EXERCISE → Your answer must consist solely of the lines from the start of the entries below through the line with "観葉植物(名古屋の花屋さん)", unchanged.

★ ★ ★ ★ ★ ★ ★

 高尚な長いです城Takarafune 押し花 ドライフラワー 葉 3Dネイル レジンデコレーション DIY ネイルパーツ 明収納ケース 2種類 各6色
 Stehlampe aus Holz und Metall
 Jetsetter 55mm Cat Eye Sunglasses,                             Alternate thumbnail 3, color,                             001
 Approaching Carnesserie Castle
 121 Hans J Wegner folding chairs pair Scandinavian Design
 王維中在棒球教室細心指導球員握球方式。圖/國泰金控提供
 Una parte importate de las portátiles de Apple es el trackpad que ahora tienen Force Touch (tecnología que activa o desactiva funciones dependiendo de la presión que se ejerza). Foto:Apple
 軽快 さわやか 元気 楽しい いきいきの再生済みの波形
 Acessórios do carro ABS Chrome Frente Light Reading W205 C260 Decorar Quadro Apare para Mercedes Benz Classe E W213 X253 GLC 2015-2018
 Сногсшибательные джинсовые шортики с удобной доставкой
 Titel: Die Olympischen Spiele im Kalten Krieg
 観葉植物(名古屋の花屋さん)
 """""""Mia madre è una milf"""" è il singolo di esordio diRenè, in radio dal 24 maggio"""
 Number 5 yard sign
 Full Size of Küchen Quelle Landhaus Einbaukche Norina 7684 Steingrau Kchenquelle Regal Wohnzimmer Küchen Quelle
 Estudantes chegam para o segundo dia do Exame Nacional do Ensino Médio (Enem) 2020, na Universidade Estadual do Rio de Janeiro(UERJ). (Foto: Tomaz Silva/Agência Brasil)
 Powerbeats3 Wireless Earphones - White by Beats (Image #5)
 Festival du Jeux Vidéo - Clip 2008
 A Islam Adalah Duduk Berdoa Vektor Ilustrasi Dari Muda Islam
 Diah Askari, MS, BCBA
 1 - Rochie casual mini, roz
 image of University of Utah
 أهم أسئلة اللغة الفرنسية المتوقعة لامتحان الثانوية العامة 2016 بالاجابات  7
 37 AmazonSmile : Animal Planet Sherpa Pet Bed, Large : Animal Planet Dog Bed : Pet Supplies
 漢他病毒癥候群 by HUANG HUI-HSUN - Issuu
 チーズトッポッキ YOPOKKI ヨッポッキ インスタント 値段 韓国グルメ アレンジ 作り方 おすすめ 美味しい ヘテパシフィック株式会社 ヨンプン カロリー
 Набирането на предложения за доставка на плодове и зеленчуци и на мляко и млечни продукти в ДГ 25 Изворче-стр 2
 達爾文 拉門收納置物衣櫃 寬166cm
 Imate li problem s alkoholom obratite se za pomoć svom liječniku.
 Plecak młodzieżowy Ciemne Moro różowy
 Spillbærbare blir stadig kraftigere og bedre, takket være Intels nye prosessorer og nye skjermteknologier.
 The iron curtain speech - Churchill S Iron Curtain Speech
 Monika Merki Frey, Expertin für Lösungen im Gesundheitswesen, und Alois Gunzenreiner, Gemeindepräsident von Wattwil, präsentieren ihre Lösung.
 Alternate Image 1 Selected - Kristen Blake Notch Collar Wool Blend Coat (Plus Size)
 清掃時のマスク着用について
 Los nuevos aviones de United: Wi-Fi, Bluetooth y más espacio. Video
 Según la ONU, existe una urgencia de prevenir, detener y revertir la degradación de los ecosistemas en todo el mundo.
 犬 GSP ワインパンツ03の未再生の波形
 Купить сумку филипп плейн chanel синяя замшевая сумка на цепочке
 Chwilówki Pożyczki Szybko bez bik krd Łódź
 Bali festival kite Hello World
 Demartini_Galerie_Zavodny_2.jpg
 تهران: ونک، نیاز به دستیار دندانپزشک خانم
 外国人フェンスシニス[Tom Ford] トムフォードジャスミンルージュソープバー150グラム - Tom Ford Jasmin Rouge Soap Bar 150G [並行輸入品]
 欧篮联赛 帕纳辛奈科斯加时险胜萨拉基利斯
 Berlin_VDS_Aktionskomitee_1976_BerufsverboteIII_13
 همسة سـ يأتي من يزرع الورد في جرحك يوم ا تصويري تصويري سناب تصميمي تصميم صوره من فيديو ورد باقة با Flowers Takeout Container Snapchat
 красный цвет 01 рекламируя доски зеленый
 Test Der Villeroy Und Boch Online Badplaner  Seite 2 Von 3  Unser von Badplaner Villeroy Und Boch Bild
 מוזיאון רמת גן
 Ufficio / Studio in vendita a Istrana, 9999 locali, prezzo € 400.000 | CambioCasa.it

★ ★ ★ ★ ★ ★ ★

ANSWER AREA →
 高尚な長いです城Takarafune 押し花 ドライフラワー 葉 3Dネイル レジンデコレーション DIY ネイルパーツ 明収納ケース 2種類 各6色
 Stehlampe aus Holz und Metall
 Jetsetter 55mm Cat Eye Sunglasses,                             Alternate thumbnail 3, color,                             001
 Approaching Carnesserie Castle
 121 Hans J Wegner folding chairs pair Scandinavian Design
 王維中在棒球教室細心指導球員握球方式。圖/國泰金控提供
 Una parte importate de las portátiles de Apple es el trackpad que ahora tienen Force Touch (tecnología que activa o desactiva funciones dependiendo de la presión que se ejerza). Foto:Apple
 軽快 さわやか 元気 楽しい いきいきの再生済みの波形
 Acessórios do carro ABS Chrome Frente Light Reading W205 C260 Decorar Quadro Apare para Mercedes Benz Classe E W213 X253 GLC 2015-2018
 Сногсшибательные джинсовые шортики с удобной доставкой
 Titel: Die Olympischen Spiele im Kalten Krieg
 観葉植物(名古屋の花屋さん)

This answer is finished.